Приказывать было легко и даже сладостно, приказывать было любимым занятием Врангеля. Подчинённым же было тяжко: лобовые атаки казаков то и дело захлёбывались, и они несли большие потери убитыми и ранеными.
Наконец удалось прорваться на левом фланге. Казаки обогнули противника с востока и вышли к линии железной дороги. Но это не привело к отходу красных, дрались они отчаянно. Бронепоезд ураганным огнём обрушился на конную лаву казаков и рассеял её по жаркой степи. Наступление волей-неволей пришлось остановить.

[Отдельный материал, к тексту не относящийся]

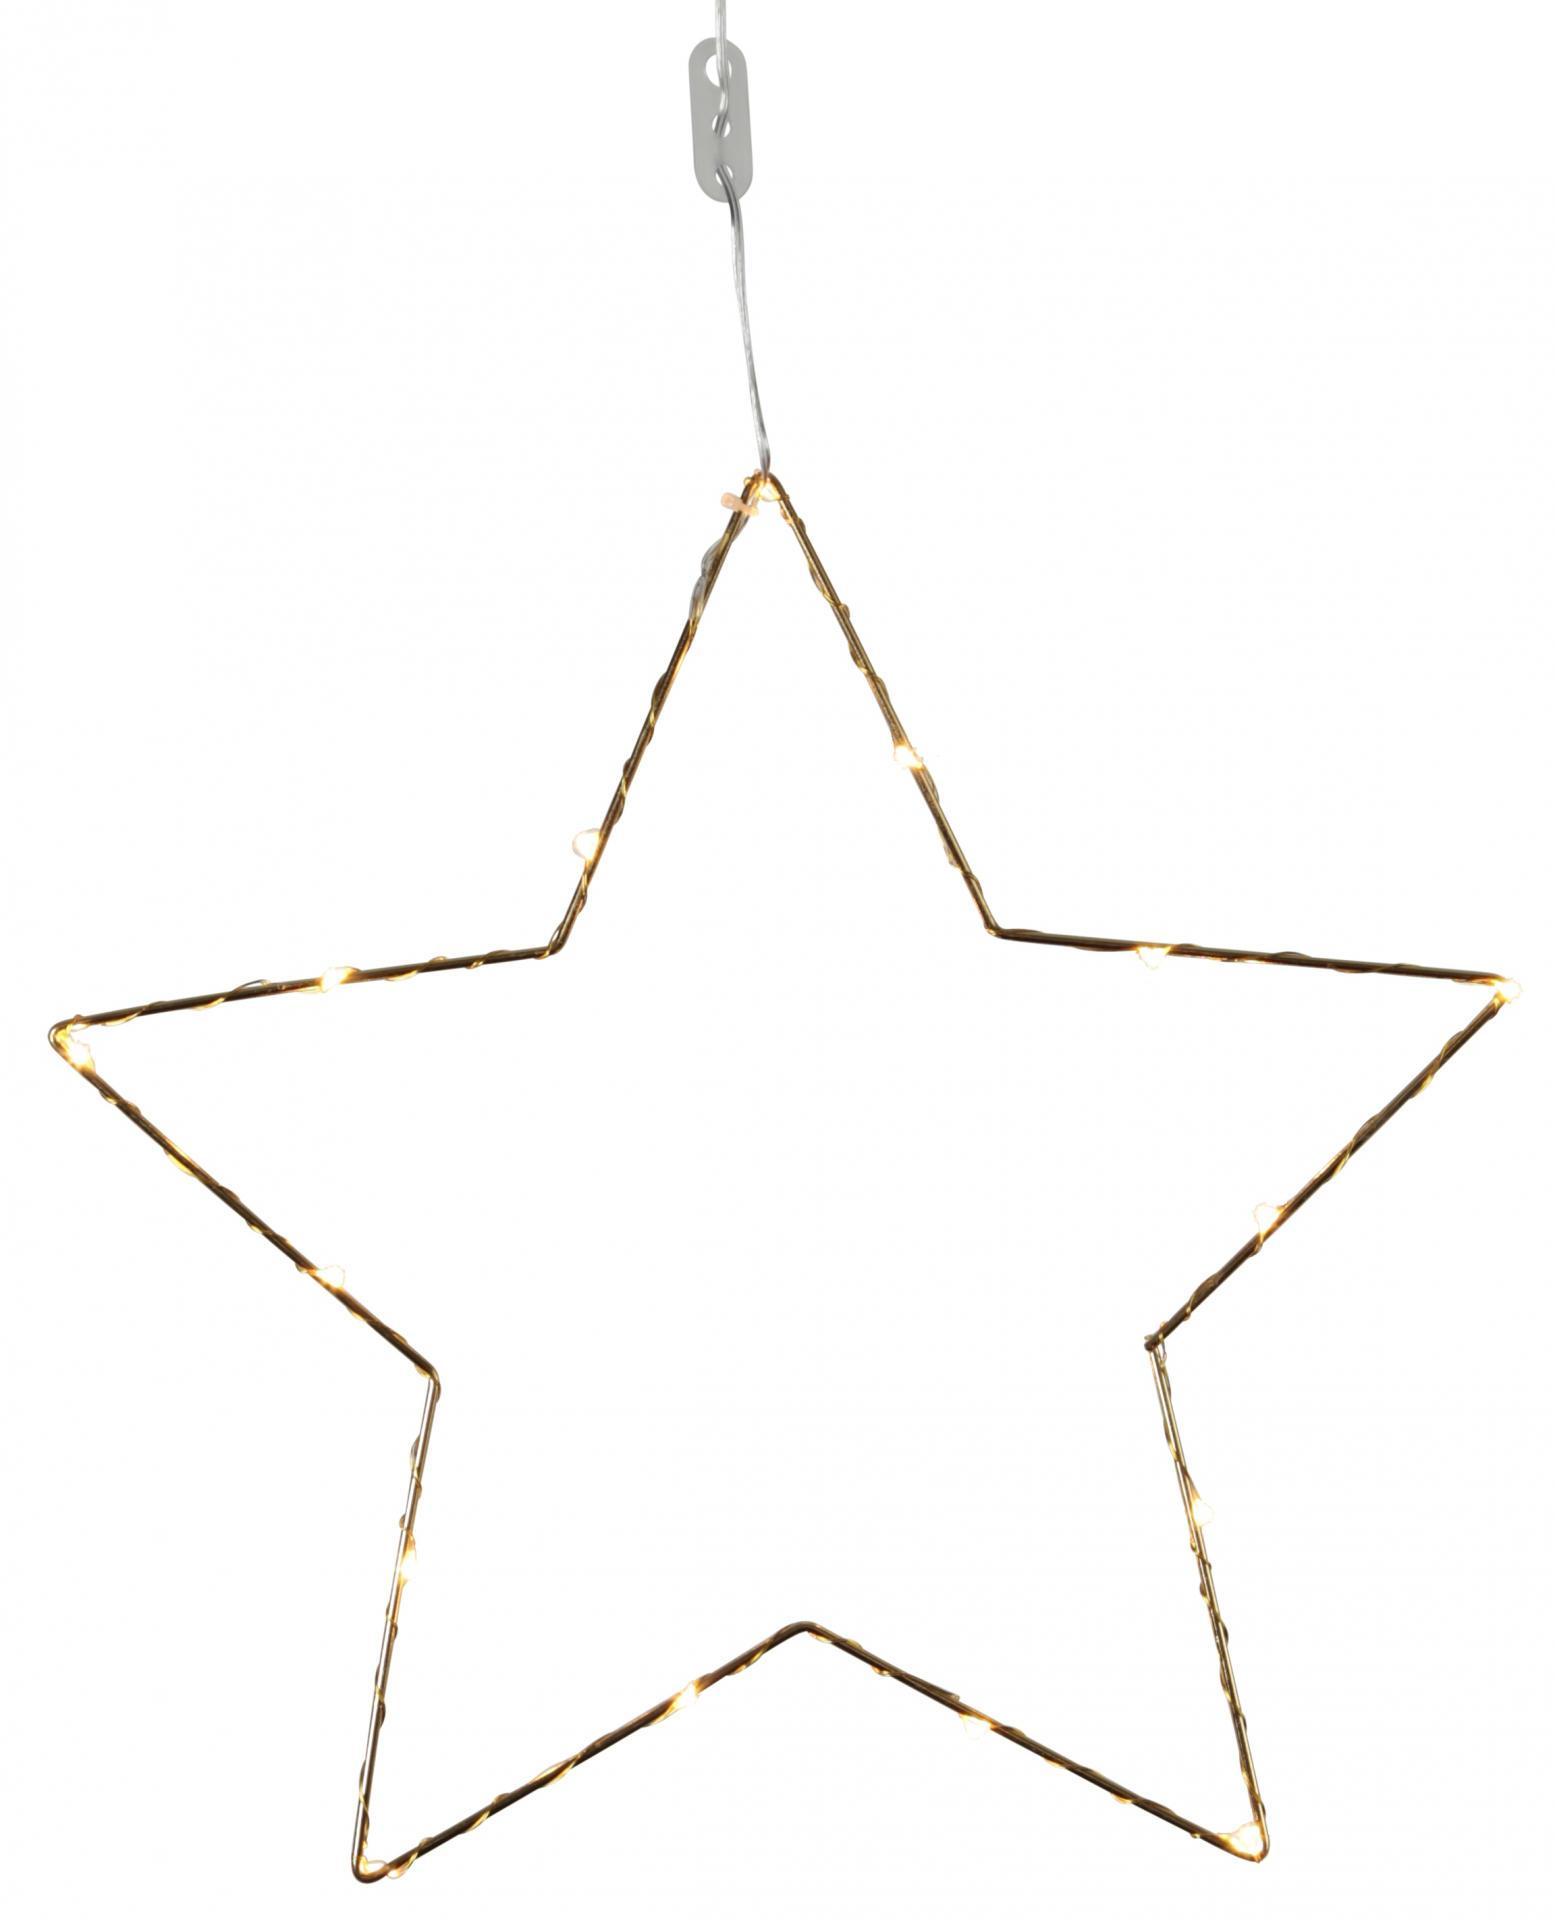 STAR TRADING Kovová svítící hvězda Brass, zlatá barva, kov

А Деникин и Романовский, не принимая во внимание никаких оправданий, требовали от Врангеля победоносных действий. Ему ставили в пример боевые успехи дивизии Покровского, которая штурмом взяла Майкоп и вышла на рубеж реки Лабы. Ничто не могло так взвинтить и озлобить Врангеля, как подобные примеры. Пригласив к себе командира соседней дивизии полковника Дроздовского, он принялся разрабатывать совместный план действий. Было решено, что Дроздовский сменит Полки Врангеля на правом берегу Лабы и на рассвете атакует красных с фронта. Врангель своей дивизией и офицерским конным полком ударит в тыл красных в районе станицы Курганной, чтобы отрезать им пути отхода между реками Чамлык и Лабой.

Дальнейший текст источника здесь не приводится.